Requirement> The exercise calls for exact output of the lines between the one that contains "Именинница Лиза с" and the end of the data, with both ends kept and pictures left out.

Given information>
◇ ◇ ◇
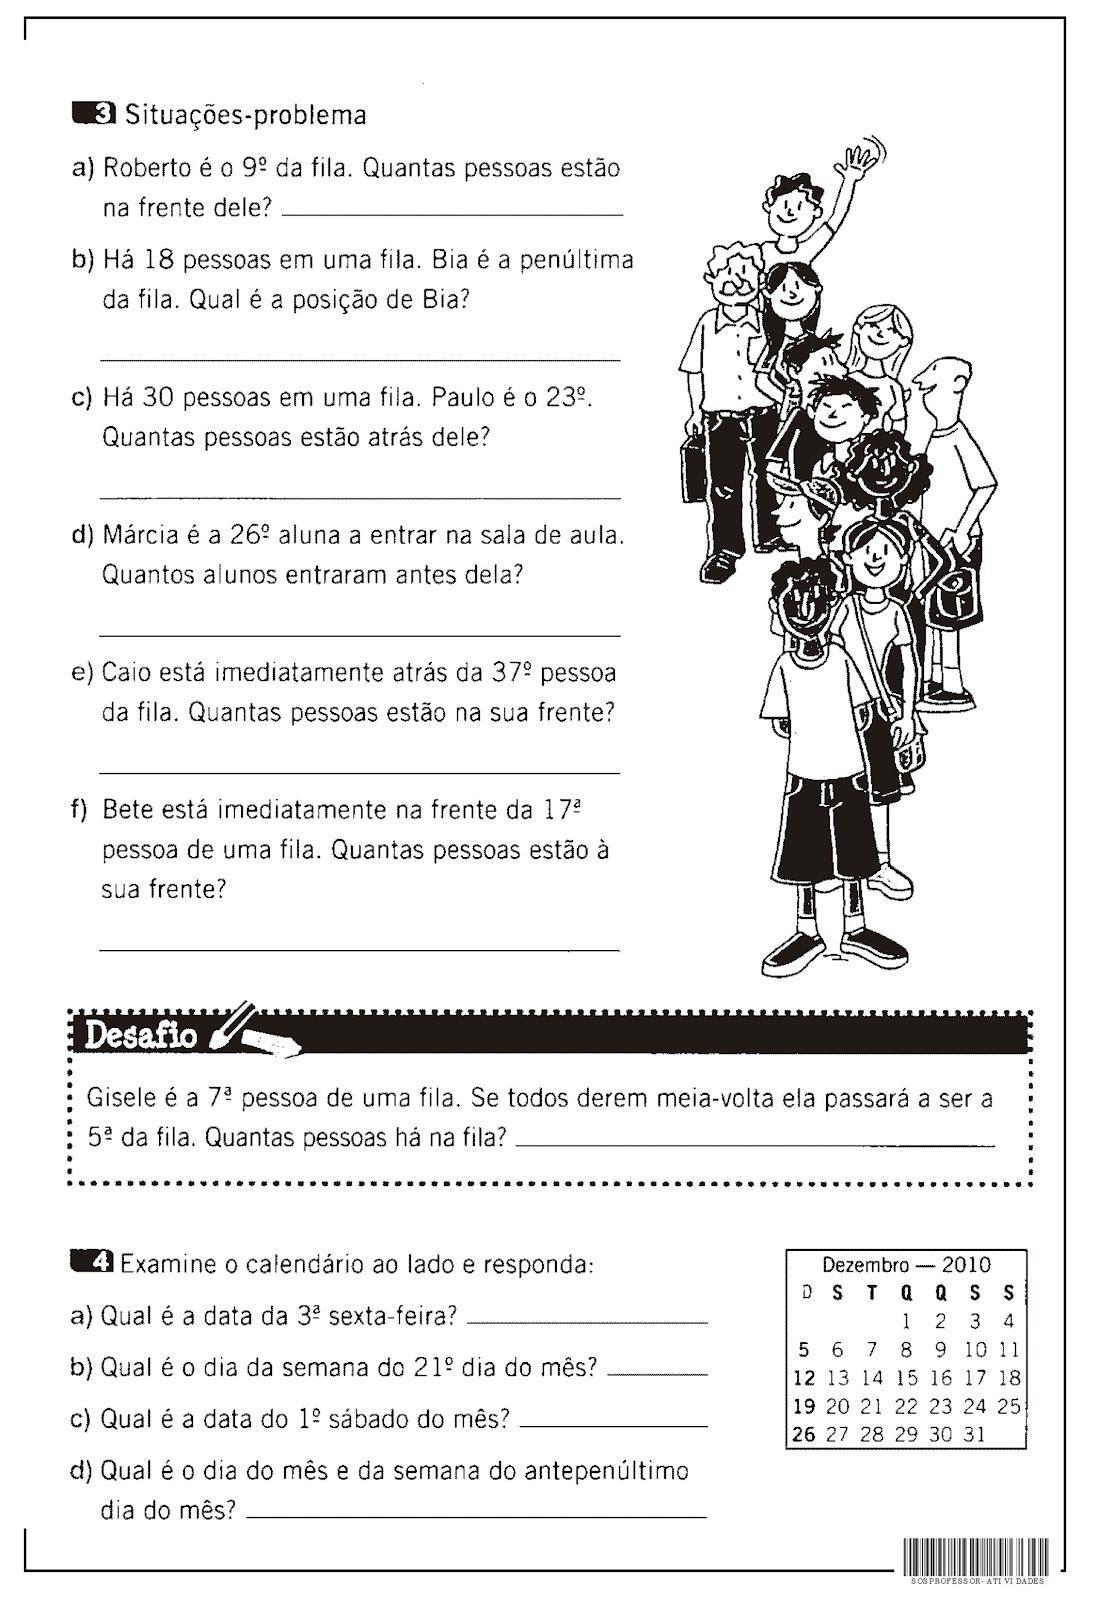 Pin De Geo Paixao Em Pasta Matematica Numeros Ordinais
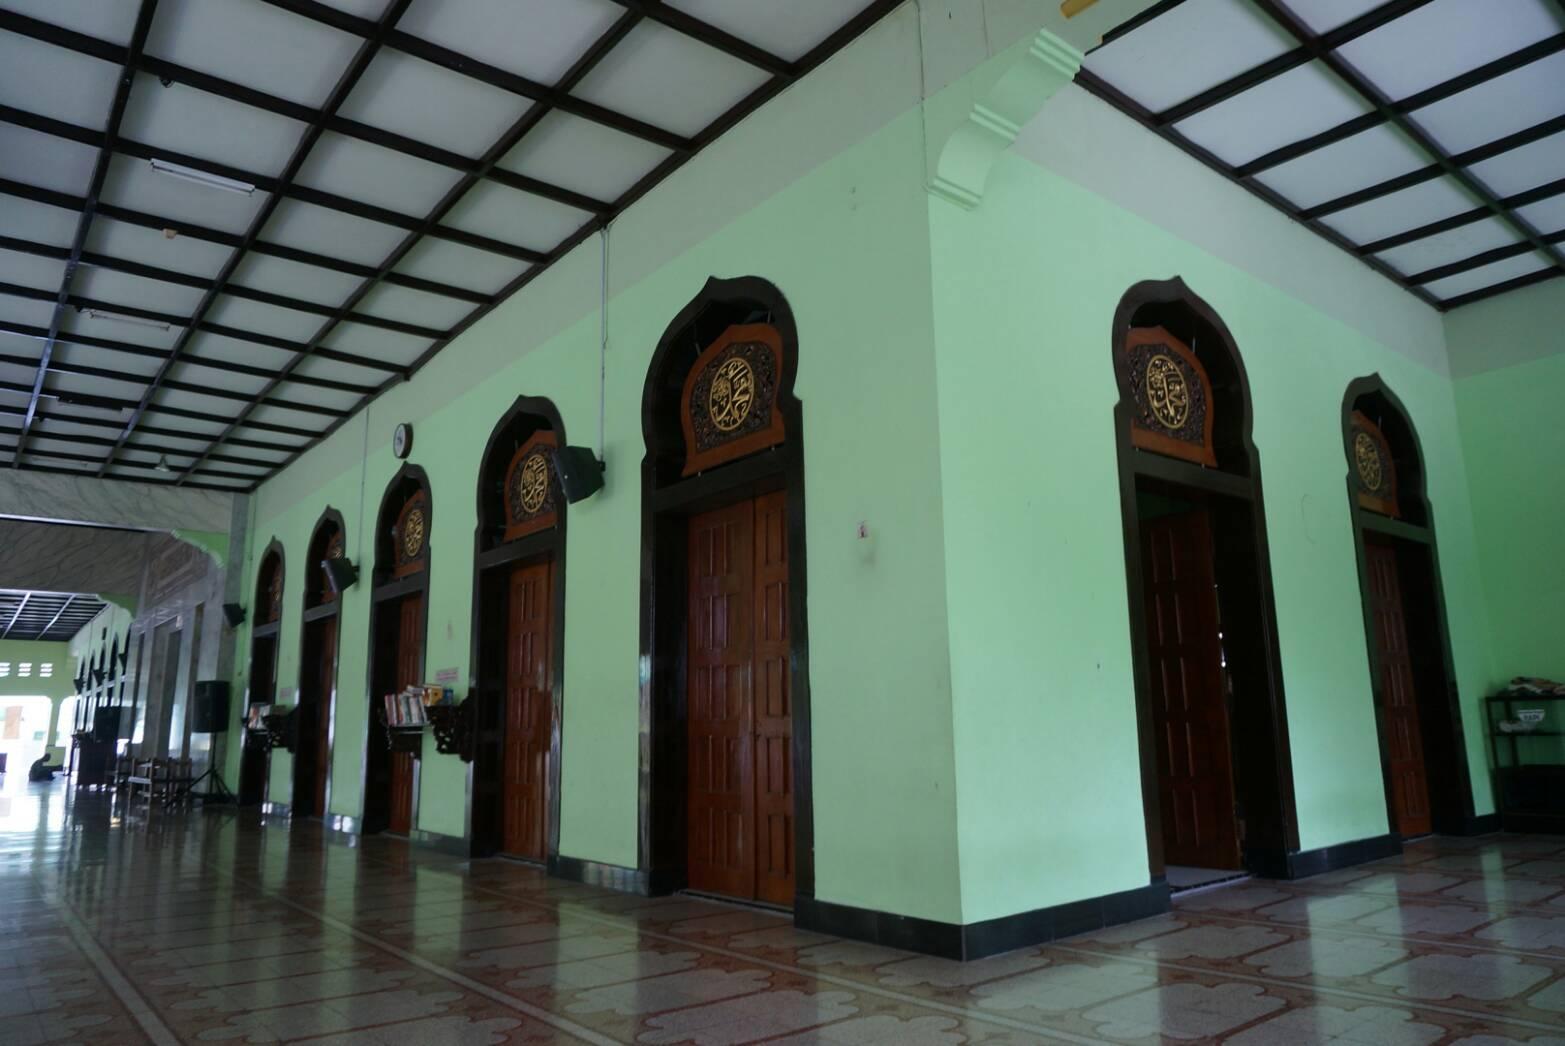 Masjid Roudhotul Musyawaroh Surabaya Tertua Setelah Ampel Kota
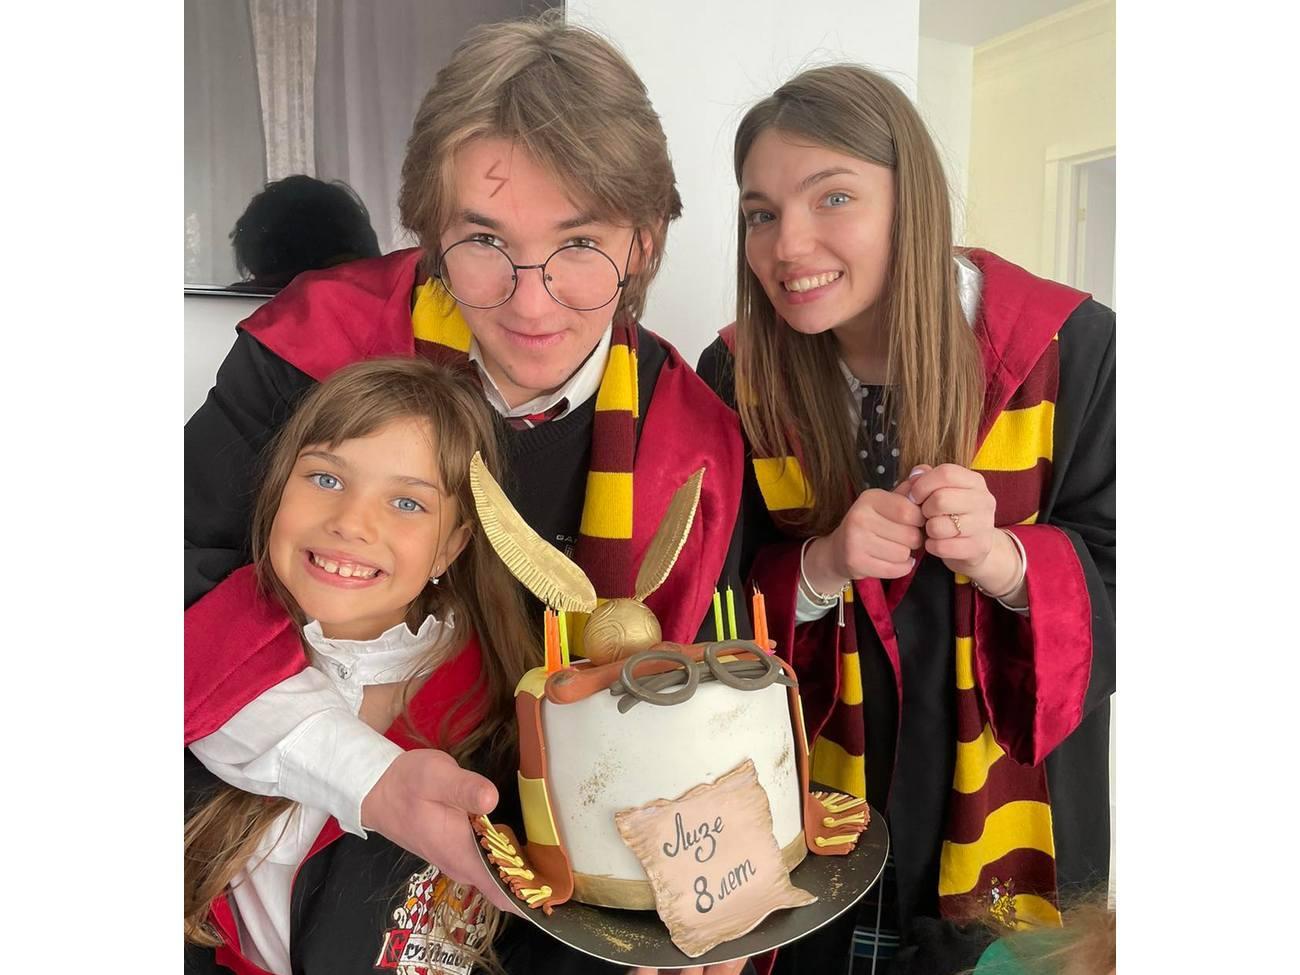 Именинница Лиза с аниматорами Гарри Поттером и Гермионой
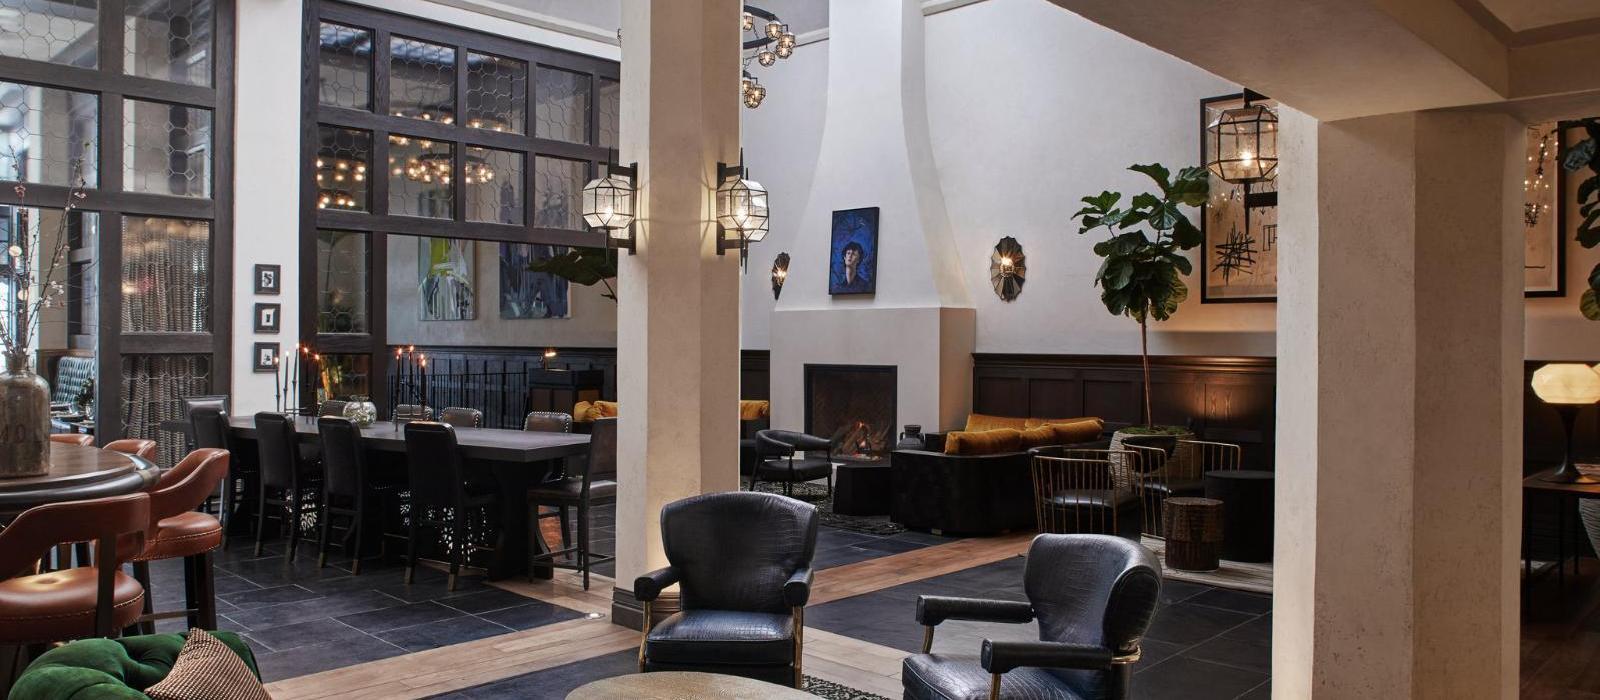 菲格罗亚酒店(Hotel Figueroa) 图片  www.lhw.cn
◇ ◇ ◇
Answer below>
 Именинница Лиза с аниматорами Гарри Поттером и Гермионой
 菲格罗亚酒店(Hotel Figueroa) 图片  www.lhw.cn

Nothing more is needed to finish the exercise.